--- Dataset excerpt ---

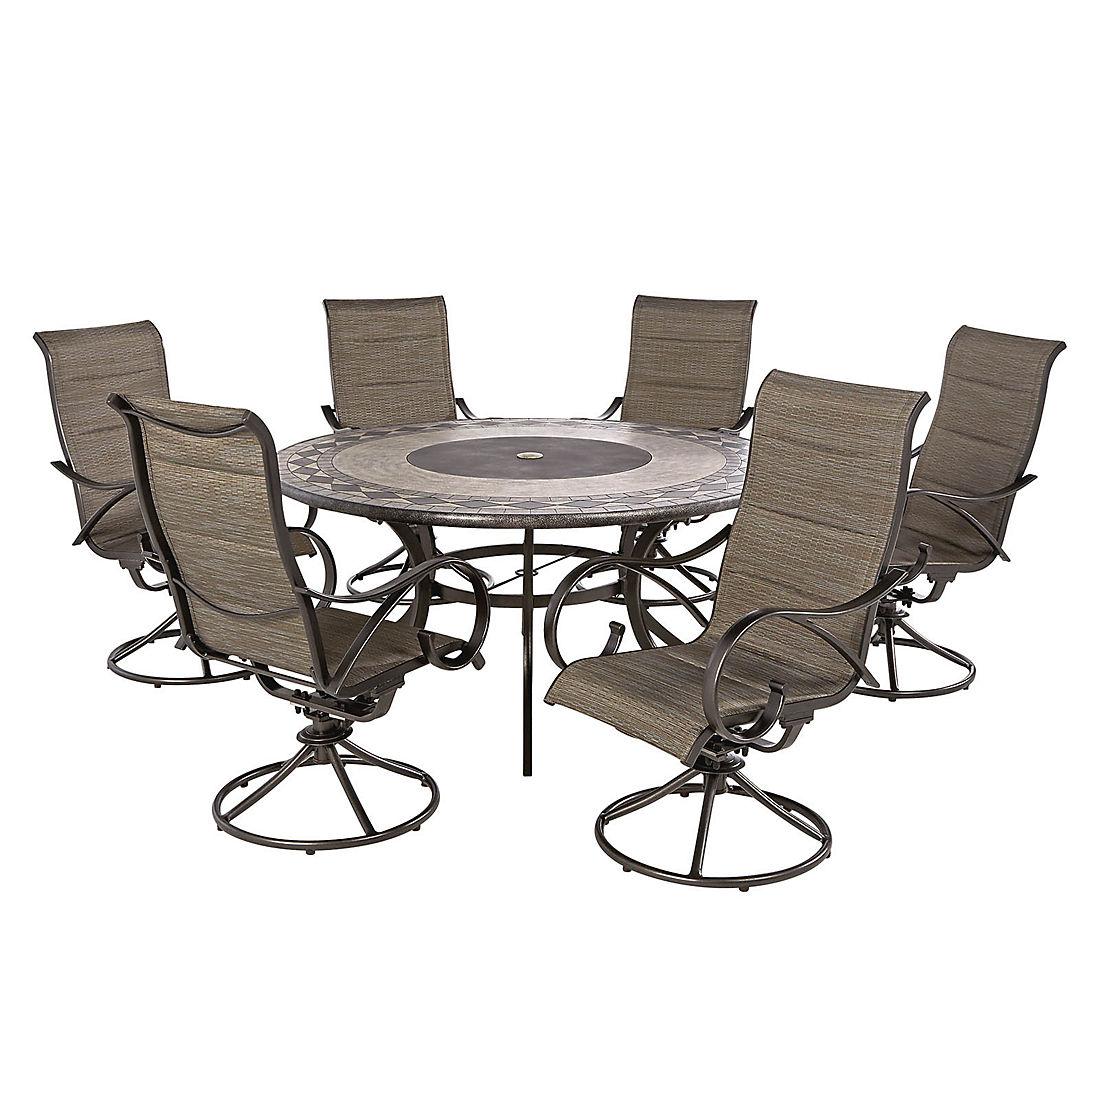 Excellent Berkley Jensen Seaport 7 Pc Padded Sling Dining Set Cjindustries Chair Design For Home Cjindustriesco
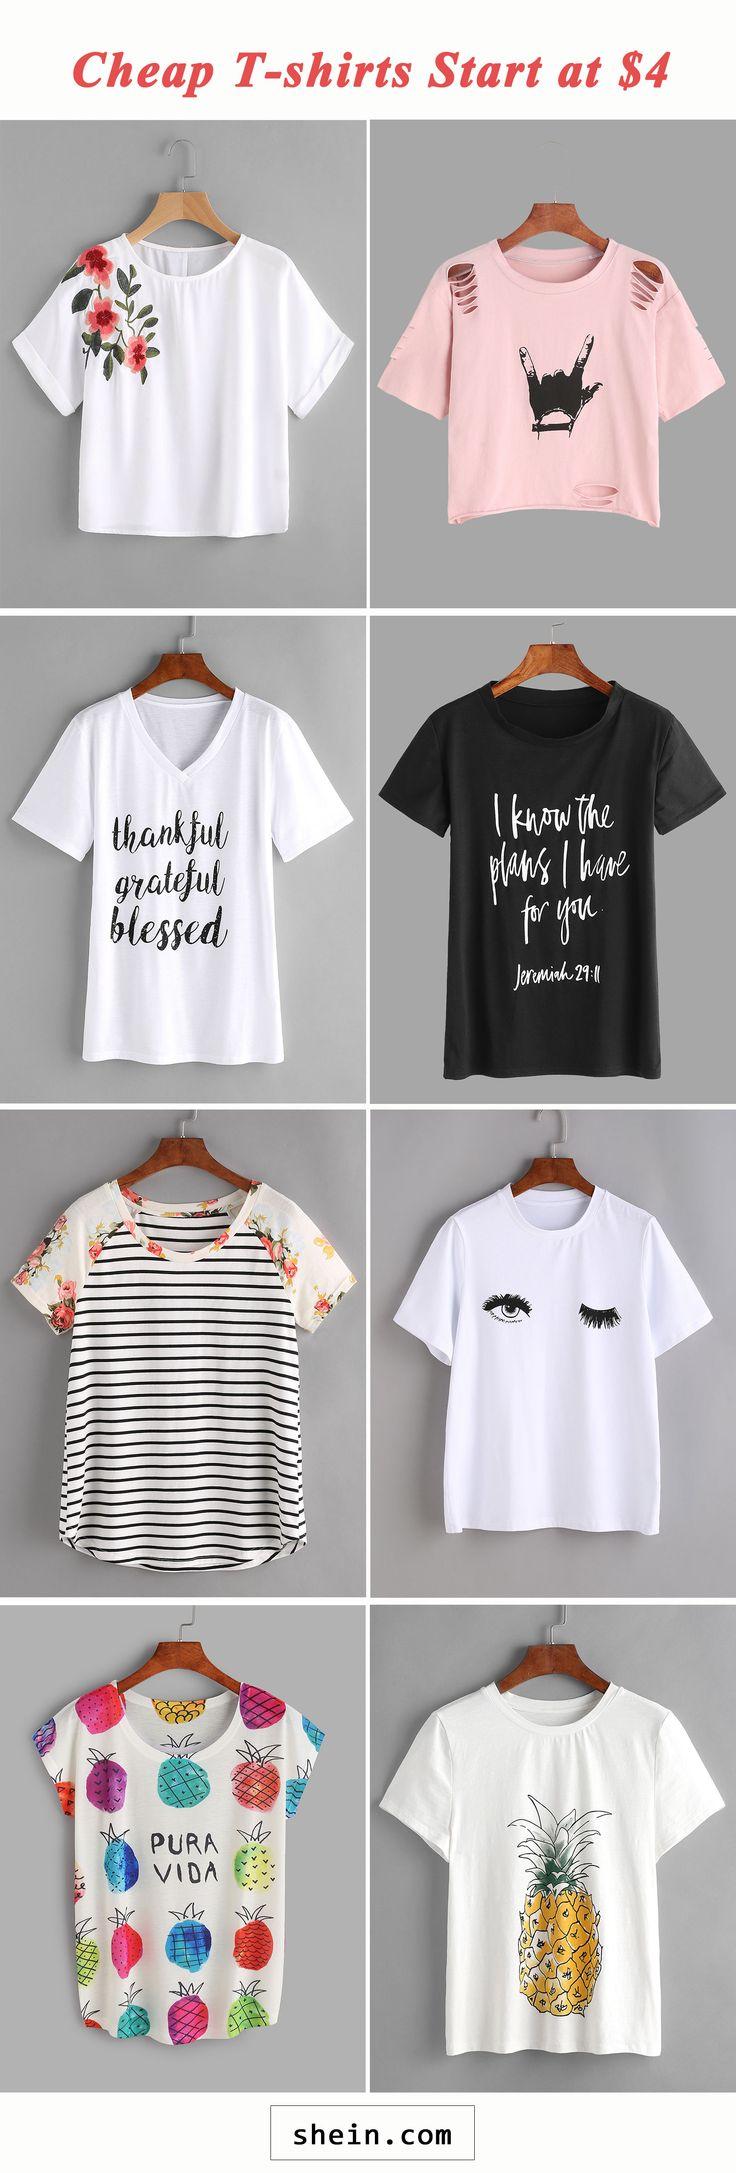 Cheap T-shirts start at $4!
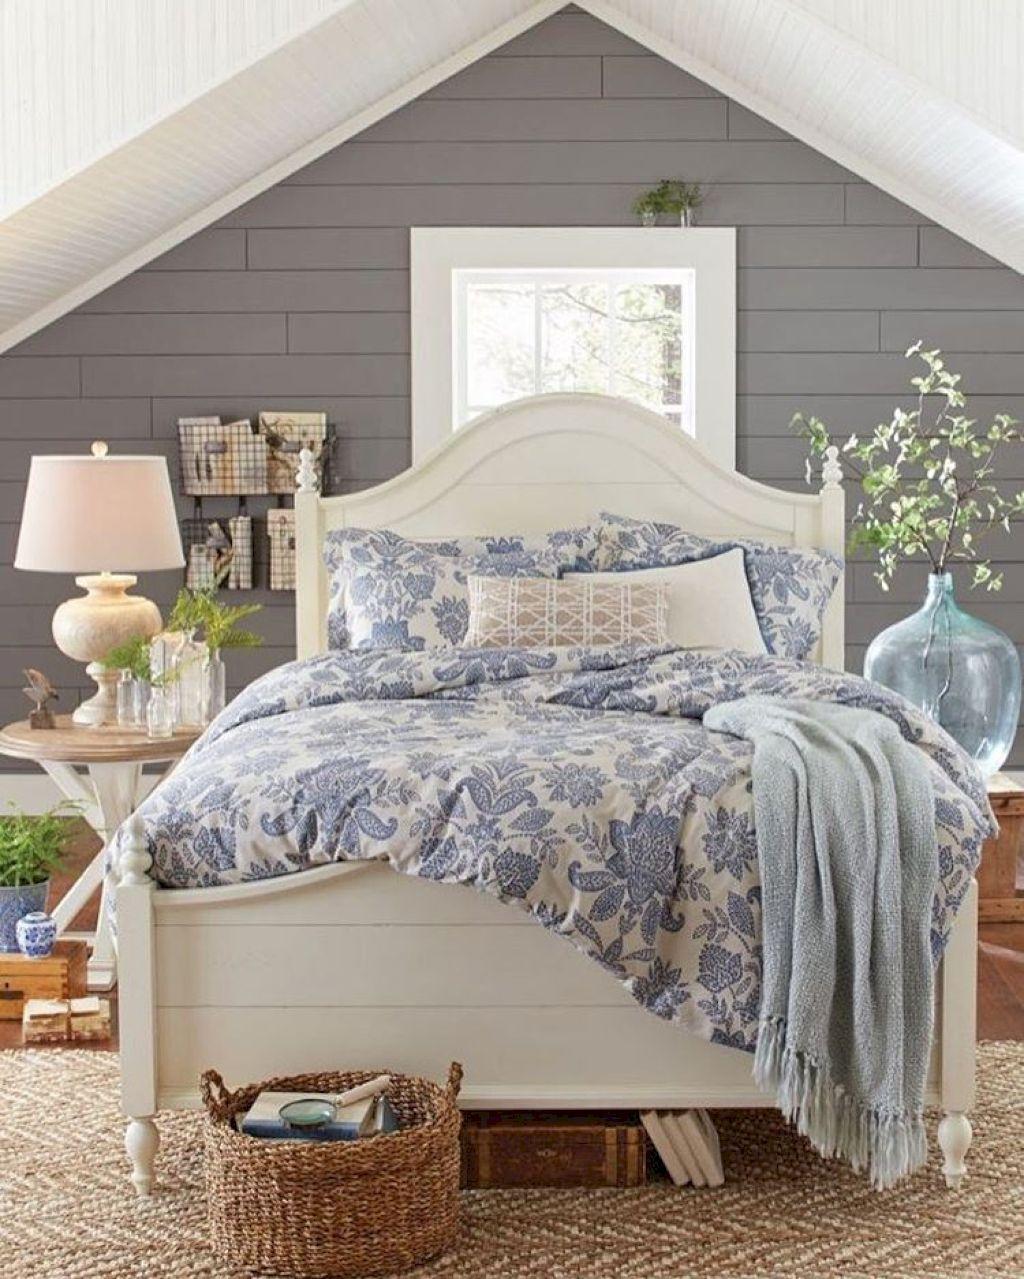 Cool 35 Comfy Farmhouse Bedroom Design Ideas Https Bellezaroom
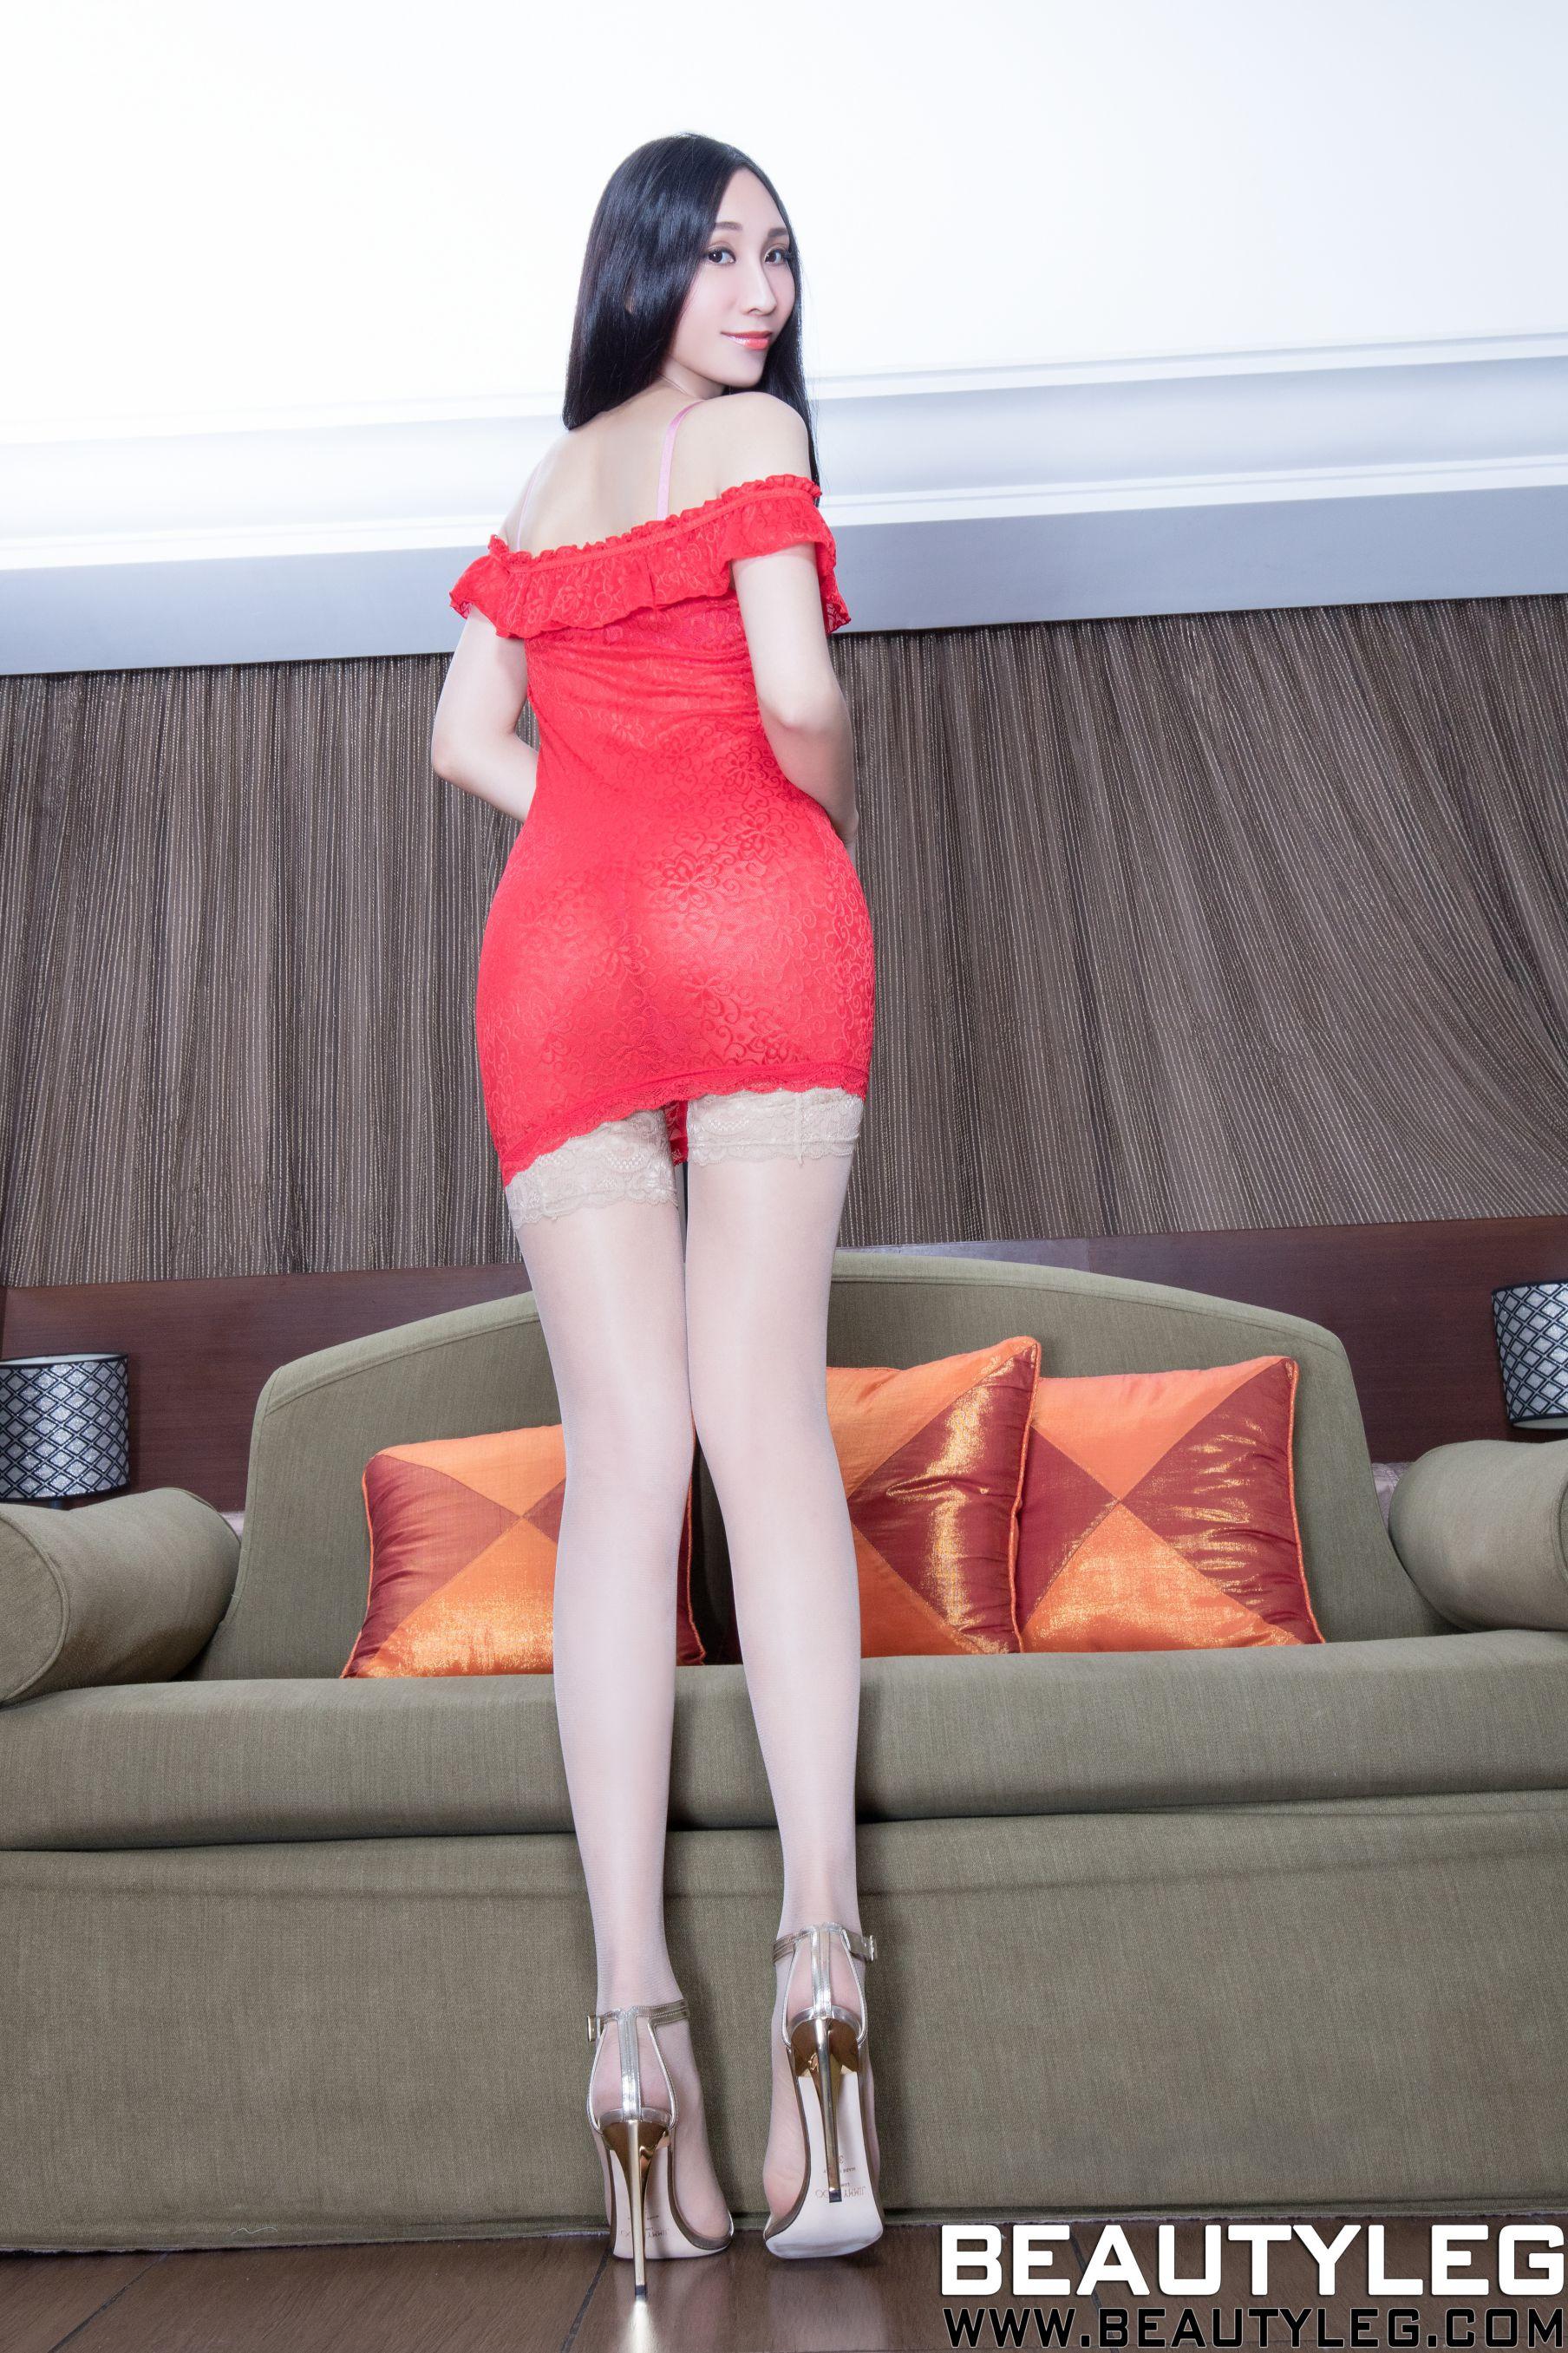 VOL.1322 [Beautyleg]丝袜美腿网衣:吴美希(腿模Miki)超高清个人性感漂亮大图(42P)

---

Every line of the listing above is to be retyped exactly, but the pictures are to be dropped.

Response box:
 Excellent Berkley Jensen Seaport 7 Pc Padded Sling Dining Set Cjindustries Chair Design For Home Cjindustriesco
 Cheap T-shirts start at $4!
 Cool 35 Comfy Farmhouse Bedroom Design Ideas Https Bellezaroom
 VOL.1322 [Beautyleg]丝袜美腿网衣:吴美希(腿模Miki)超高清个人性感漂亮大图(42P)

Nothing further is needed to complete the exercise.